CAPÍTULO I En el borde del barranco, asida a dos árboles para no caer, Silvina se inclinaba sobre la vertiente y miraba con impaciencia allá abajo, al cauce del río, gritando con todas sus fuerzas:
-¡Leandra!... ¡Leandra!...
Era en la montaña, en el seno de las selvas, entre laberintos de brava naturaleza, que parecen peldaños para oficiar en el altar del cielo.
-¡Leandra!... ¡Leandra!... Sube, Pequeñín está hambriento... Sube, sube...
La voz sacudía el aire y, reflejándose en las laderas, bajaba hasta el lecho del río, en donde se apagaba entre rumores de cascadas y remolinos. En la ribera, en cuclillas sobre una piedra lisa y plana, Leandra lavaba afanosa. Tenía el traje recogido y sujeto por detrás de las rodillas, dejando al descubierto las piernas, que el agua jabonosa salpicaba. Al fin, oyó las voces, miró hacia arriba y descubrió a Silvina.
-¿Qué quieres? -preguntó a un tiempo con el ademán y con los labios.
La otra insistía: Pequeñín, el último hijo de Leandra, de bruces en el suelo de la casucha, lloraba hambriento.
-Mira -bocineó Leandra, ahuecando las manos junto a la boca-, procura callarlo.
-Es que no quiere.
-Entretenlo, mujer; aún me queda faena...
-Tienes que subir... Le he metido un dedo en la boca y, en vez de chupar, muerde... ¡Anda, sube pronto!
Levantándose Leandra de mal talante, dejando que el vestido le cayera sobre las piernas mojadas, hizo apresuradamente un lío de la ropa húmeda y comenzó a repechar una vereda caprina que, muy pendiente, se internaba entre los cafetos de la ladera.
Silvina, desoyendo los gritos de Pequeñín, recorrió con mirada lánguida el paisaje. El ambiente, fresco ya con los aires de la cercana vesperada, se encendía en los últimos ardores del sol poniente.

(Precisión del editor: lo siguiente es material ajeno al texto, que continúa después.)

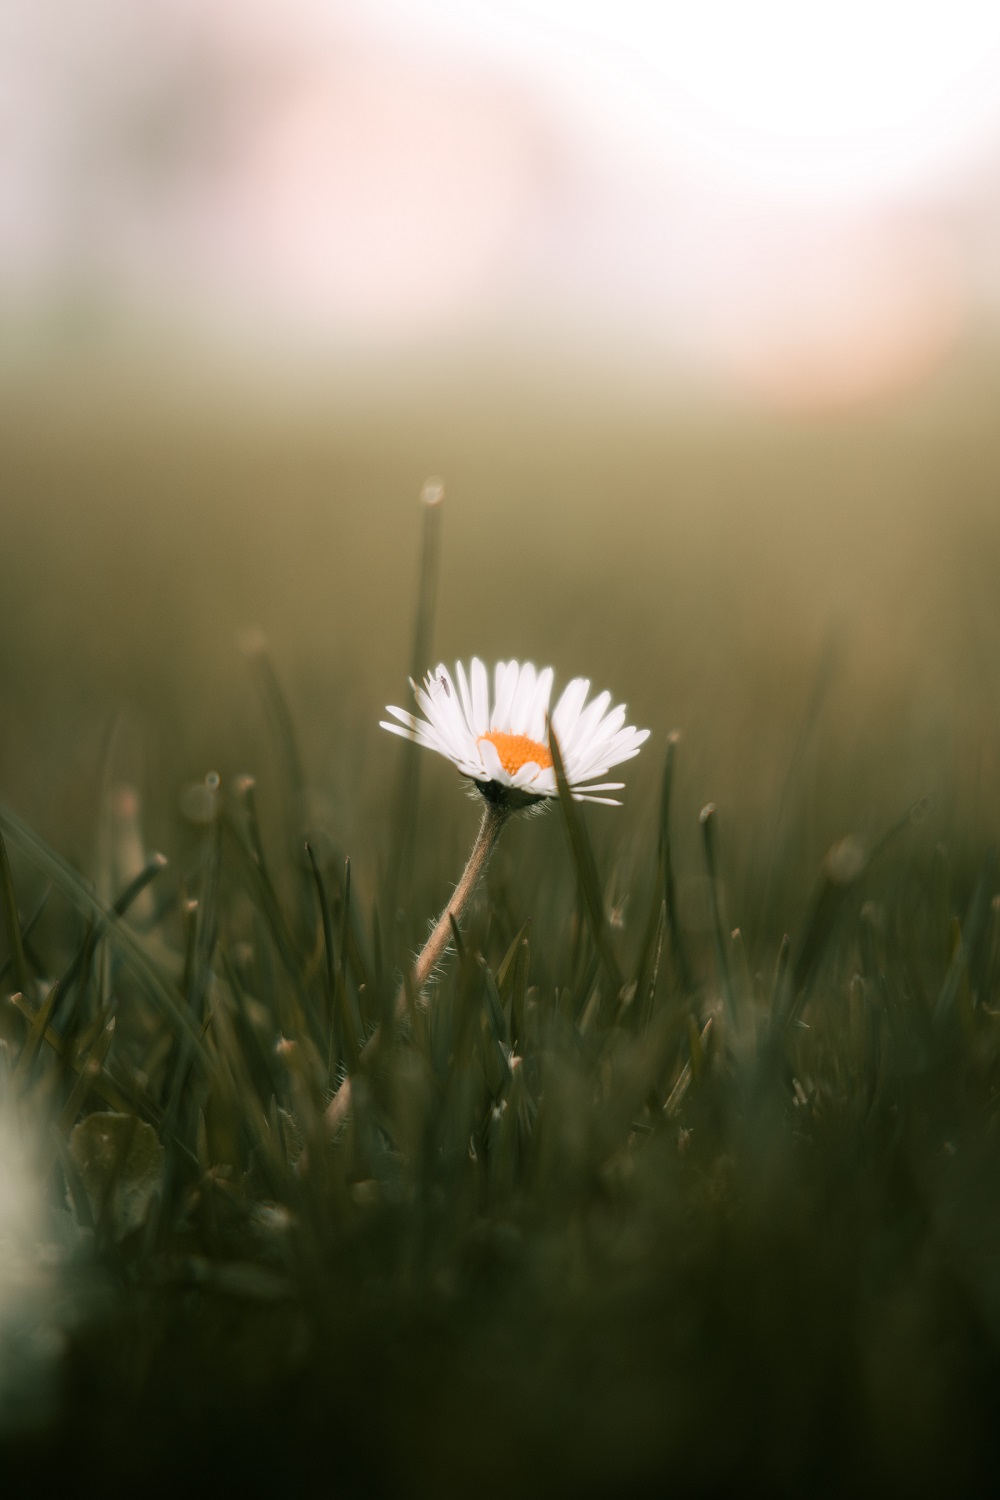 A white daisy flower in grass.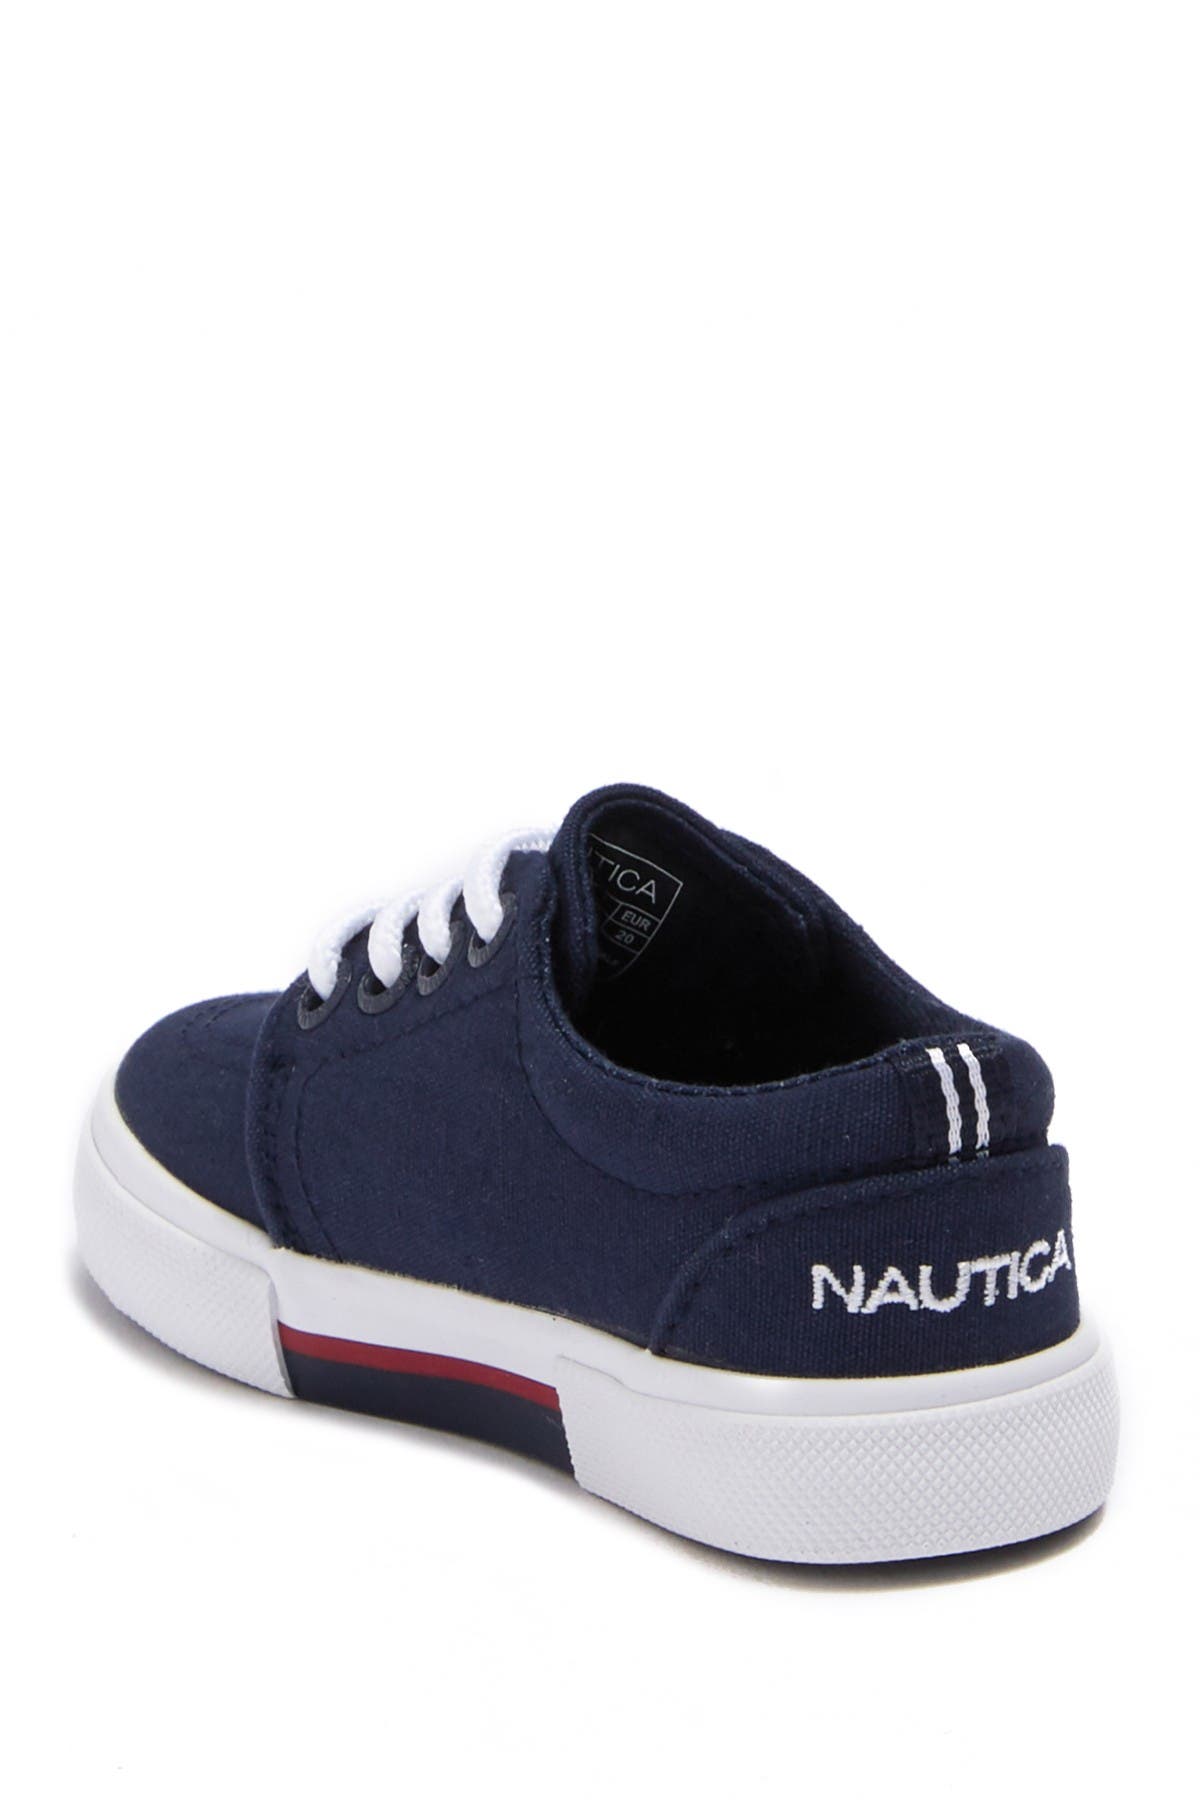 nautica blue and white shoes

Desde aquel sitio se divisaba un mundo de verdura. Por detrás, un campo extenso de selva virgen rematando en una cima abrupta; por delante, al otro lado del río, una montaña de tonos grises, aplanándose poco a poco en dirección al mar, deprimiéndose lentamente de derecha a izquierda y determinando la formación de vallecillos y hondonada de feraz aspecto. Los colores bullían como chispas de luz, confundiéndose en tintas intermedias, interrumpiéndose con alegres contrastes. Diríase que con aquel reguero de colores eran los campos la inmensa paleta en donde había de humedecer sus pinceles el supremo artista. Un azul inimitable descendía del cielo como regalo nupcial, y un verde suave parpadeaba en las campiñas como ofrenda esclava. De esos dos matices resultaban el apagado gris de las lejanías y la tibia gualda de los contornos. Los árboles, en eterna gemación, ostentaban vestiduras rosadas y galas rojas, y así mostrábanse los paisajes como proyectados al mundo de los sueños por la mano de la primavera.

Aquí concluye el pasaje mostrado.